Stream in Pennsylvania, US

Bear Run is a 5.0 mi tributary of the Youghiogheny River in Fayette County, Pennsylvania, United States.

Bear Run is in the Appalachian Mountains and part of the Pittsburgh metropolitan area. The Fallingwater house, designed by architect Frank Lloyd Wright, is located on this stream at the locality known as Mill Run.

Bear Run is inside the Bear Run Nature Reserve, protected by the Western Pennsylvania Conservancy. Bear Run is a designated Pennsylvania Scenic River.
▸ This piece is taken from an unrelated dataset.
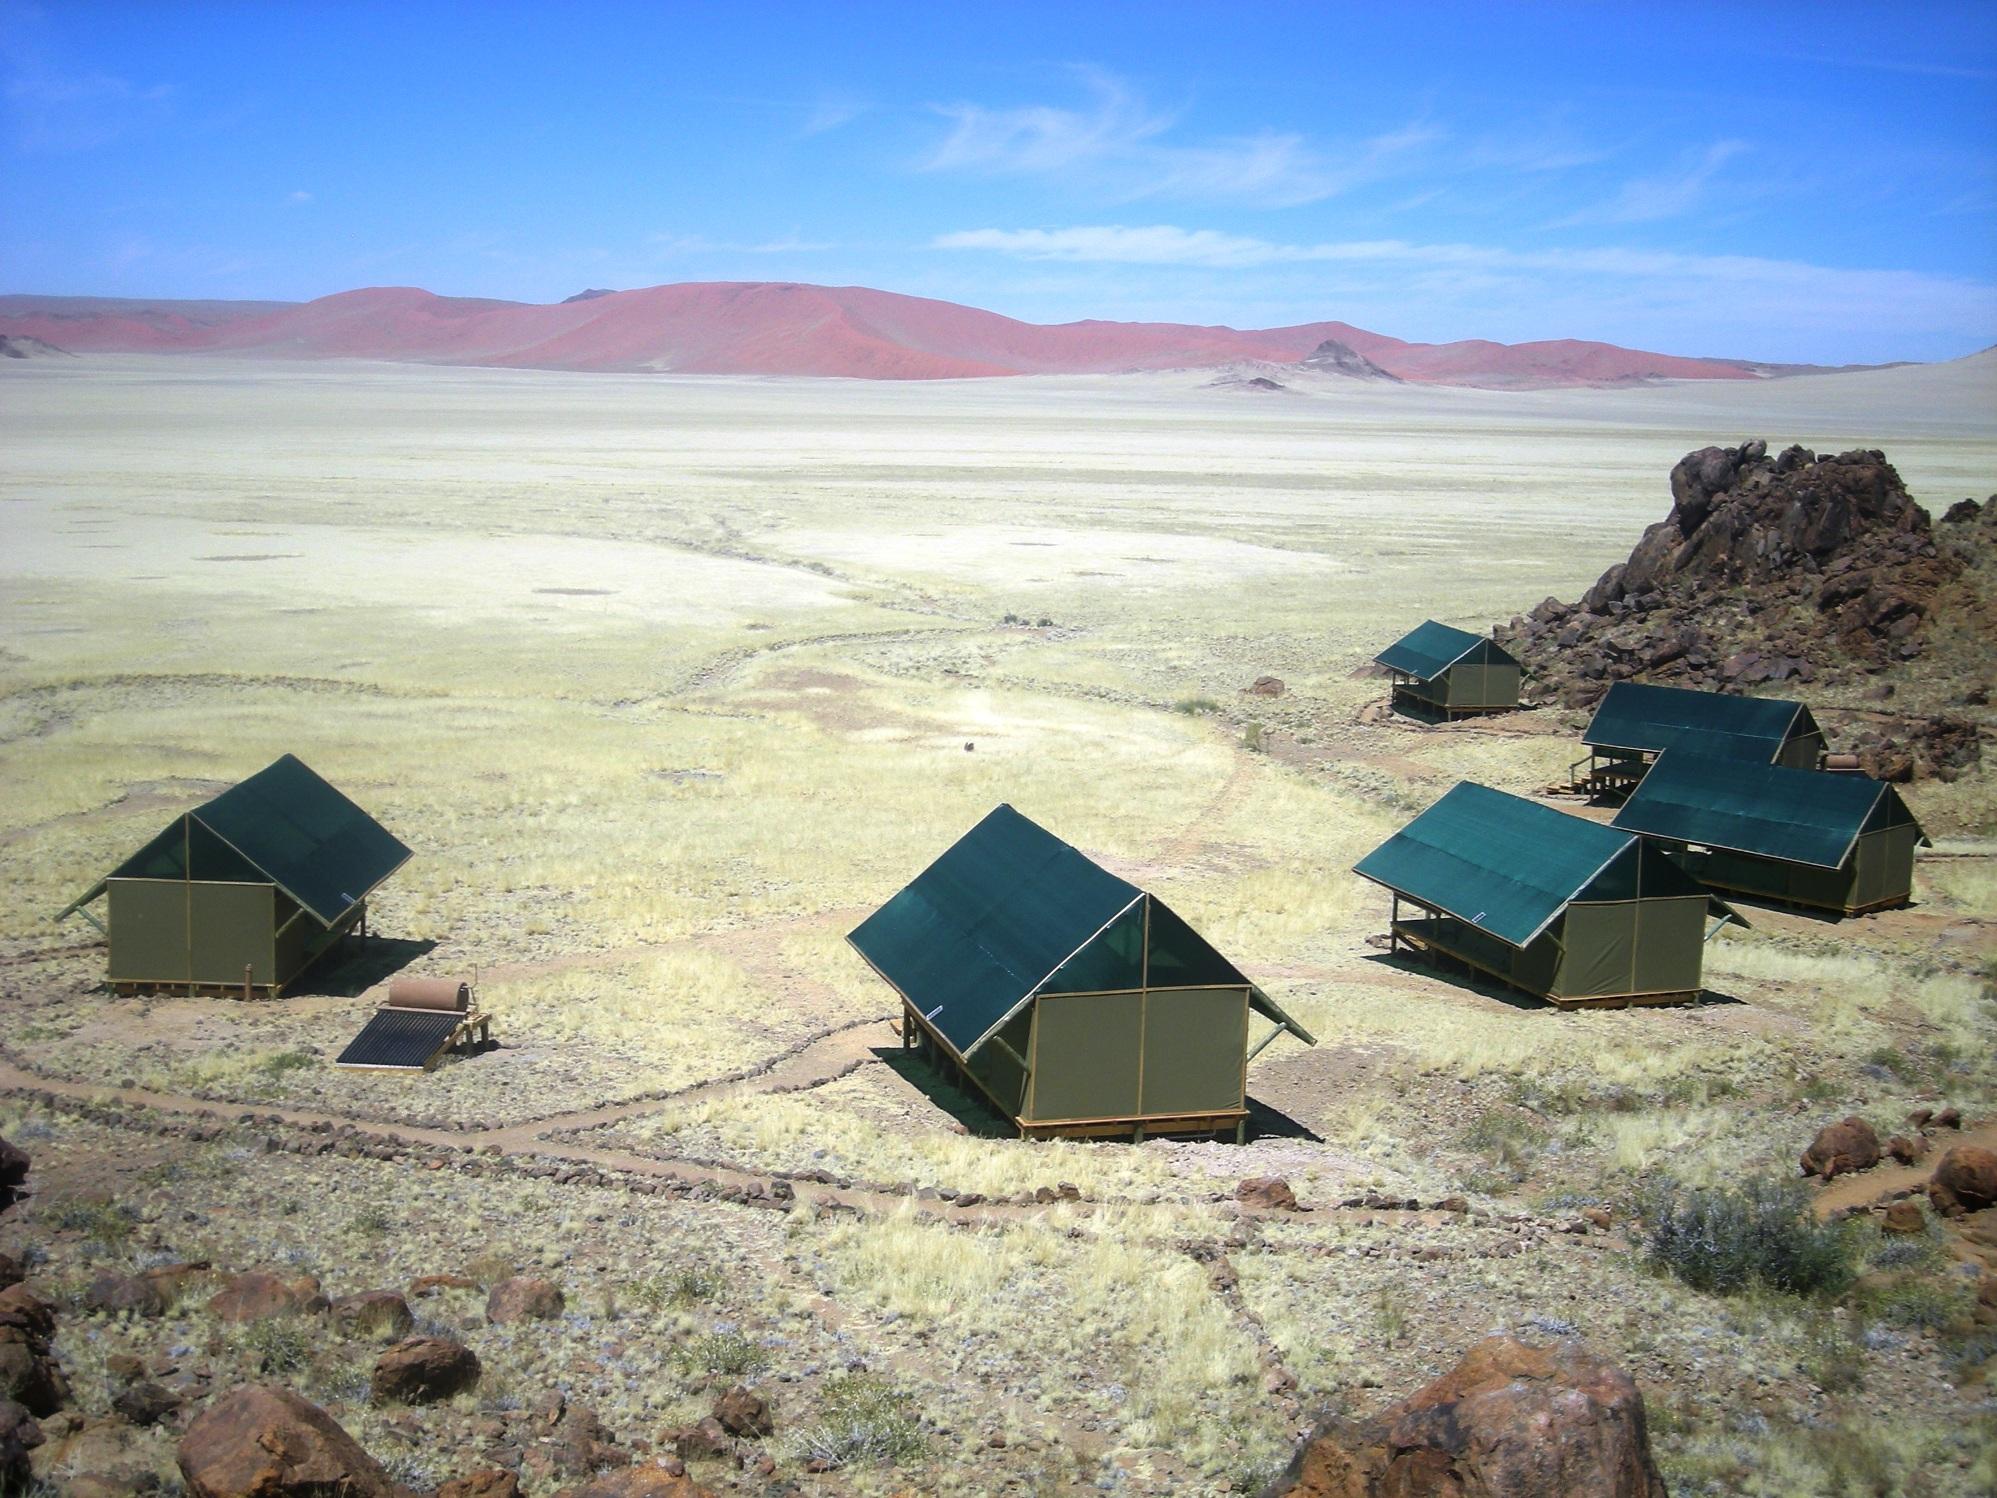 Kulala Adventurer Camp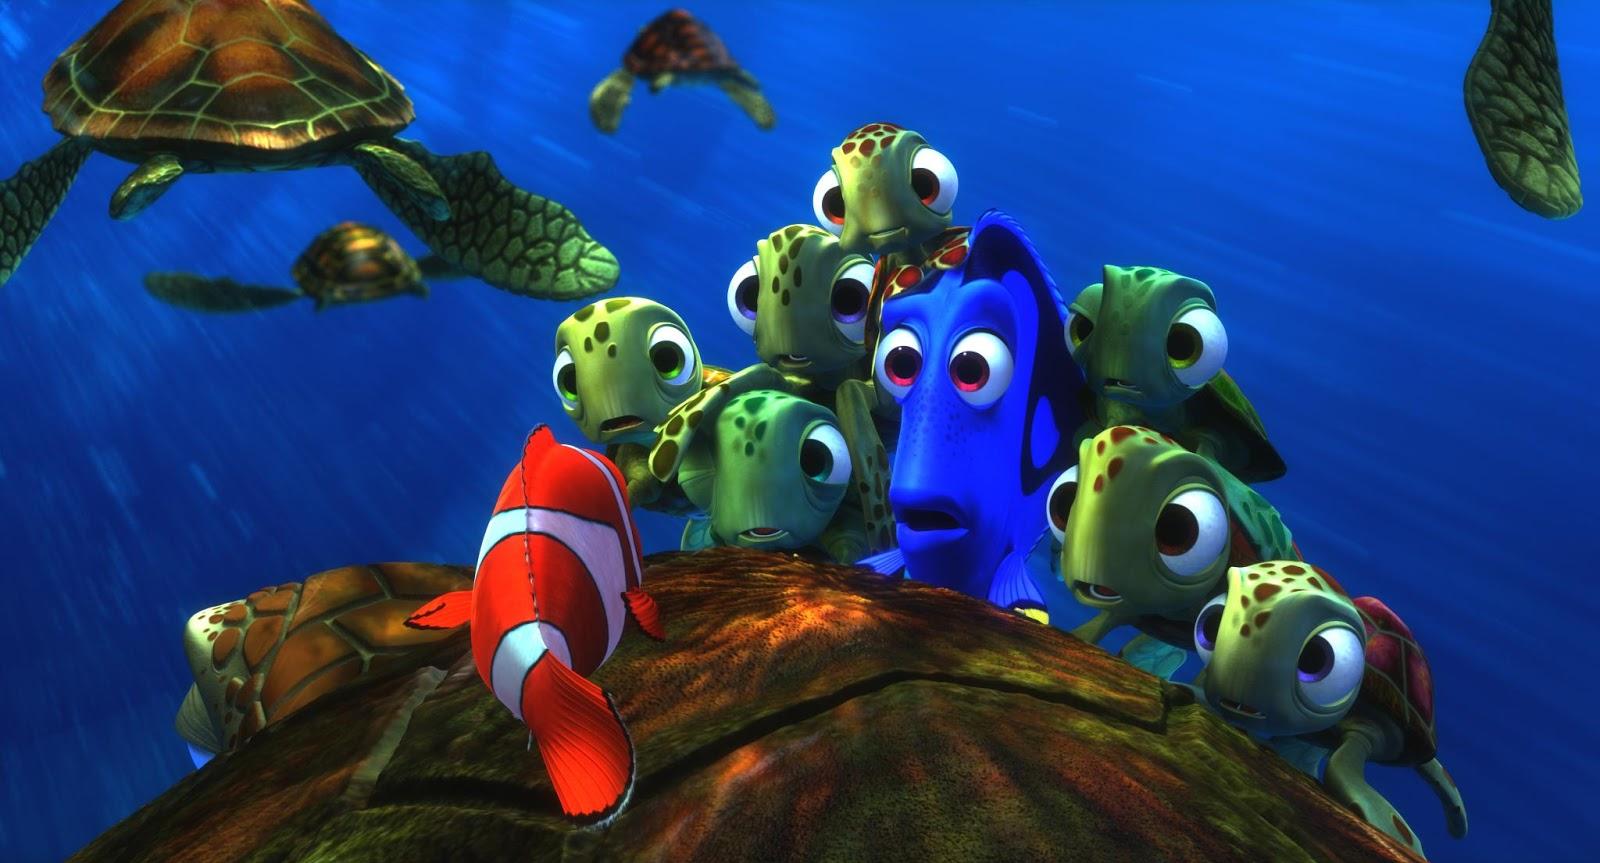 My favourite pixar movie finding nemo 2003 for Finding nemo fish

The nearest incorporated town is Ohiopyle, once a resort town for affluent Pittsburghers reaching the Ferncliff peninsula via rail. Ohiopyle today is the focal point of tourism in the Laurel Highlands, drawing many of the same visitors as Fallingwater, located a few miles away on PA State Route 381.

==Course==
Bear Run rises about 3 miles northeast of Kaufmann, Pennsylvania, and then flows southwest and west to join the Youghiogheny River about 0.25 miles west of Kaufmann.

==Watershed==
Bear Run drains 6.47 sqmi of area, receives about 48.1 in/year of precipitation, has a wetness index of 357.26, and is about 89% forested.

==Natural history==
Bear Run is the location of Bear Run Watershed BDA. The large forested area of Bear Run, an exceptional value stream, provides habitat for three plant species of special concern.